JPH06201498A - Manufacturing pressure sensor - Google Patents

Abstract

(57) [Summary] [Objective] Mobile ions such as Na ⁺ that enter the passivation film during manufacturing of the pressure sensor are removed from the sensor to reduce drift. In a pressure sensor manufacturing process, a metal film 10 is provided on the passivation film 5 around the cut line 9 for each sensor element 7, and the wafer 8 is heated to a high temperature.
By applying a negative high voltage from the high voltage power source 11 to the metal layer 10, mobile ions such as Na ⁺ in the passivation film 5 are collected in the metal layer 10 and trapped.
Therefore, with the movable ions trapped in the metal layer 10, each sensor element 7 in the wafer 8 is divided from each cut line 9 to separate the metal layers 10, and thereby the passivation film 5 in the sensor element 7 is separated. Mobile ions such as Na ⁺ inside are reduced, and the influence of drift of the sensor output can be reduced.

Description

Detailed Description of the Invention

[0001]

BACKGROUND OF THE INVENTION 1. Field of the Invention The present invention relates to a method for manufacturing a pressure sensor for converting pressure into an electric signal by utilizing the piezoresistive effect of a semiconductor such as silicon, and more particularly to surface protection of the pressure sensor when manufacturing the pressure sensor. The present invention relates to a passivation method for reducing mobile ions such as Na ⁺ entering a passivation film used for the purpose of reducing the influence of the mobile ions.

[0002]

2. Description of the Related Art In general, a pressure sensor of this type measures a pressure value by generating strain in a gauge resistance by introducing pressure and converting a resistance change due to a piezoresistive effect of the resistance into an electric signal. It is widely used for various purposes including industrial measurement.

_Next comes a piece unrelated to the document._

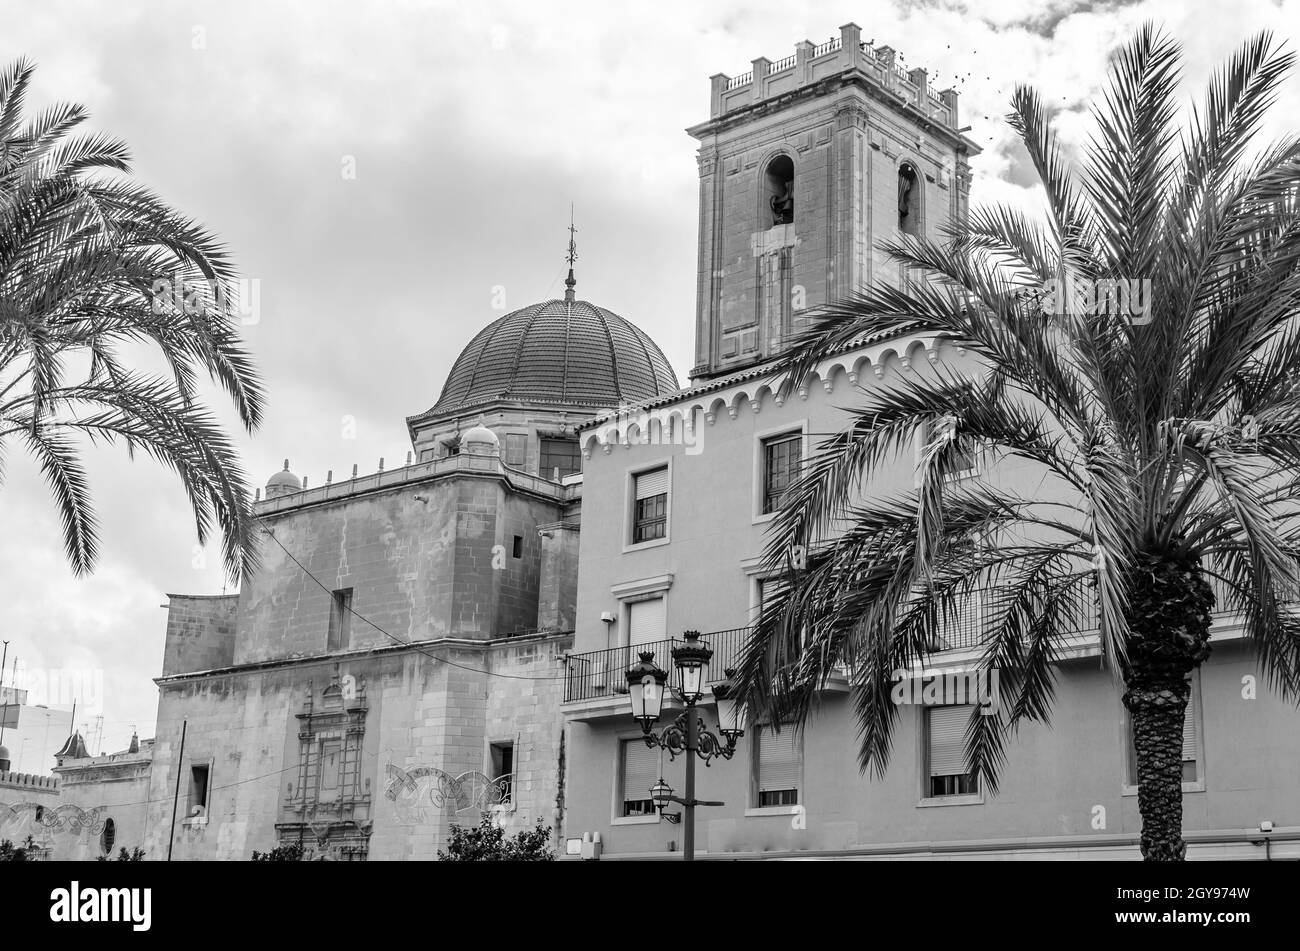 Vue sur la basilique baroque de la ville d'Elche, province d'Alicante, Espagne; image en noir et blanc Banque D'Images

As shown in FIGS. 2 (a) and 2 (b), the basic structure of this pressure sensor uses a chip-shaped n-type silicon substrate 1 having a thick portion 2 serving as a fixing portion and a thin diaphragm portion 3. In the thin diaphragm portion 3, a gauge resistor 4 (4 _A to 4 _D ) having a piezoresistive effect formed of a p-type diffusion region is formed.

The silicon substrate 1 is fixed to a supporting member 21 such as a glass tube having a pressure introducing port 22 at the thick portion 2, and when pressure is applied from the introducing port 22, the thin diaphragm portion 3 is formed. Is distorted, which changes the resistance value of the gauge resistor 4. Therefore, if these gauge resistors 4 are incorporated in a bridge circuit and a voltage is applied to the bridge circuit, an output signal corresponding to the pressure, that is, the difference between the pressures P _H and P _{L on} the front and back sides of the thin diaphragm portion 3 is taken out from the bridge circuit. You can

Here, the surface of the silicon substrate 1 on which the gauge resistor 4 is formed is covered with a passivation film 5 made of SiO ₂ or the like, and aluminum (A
The extraction electrode 6 made of 1) or the like is formed, and the connection with the outside is usually made by wire bonding.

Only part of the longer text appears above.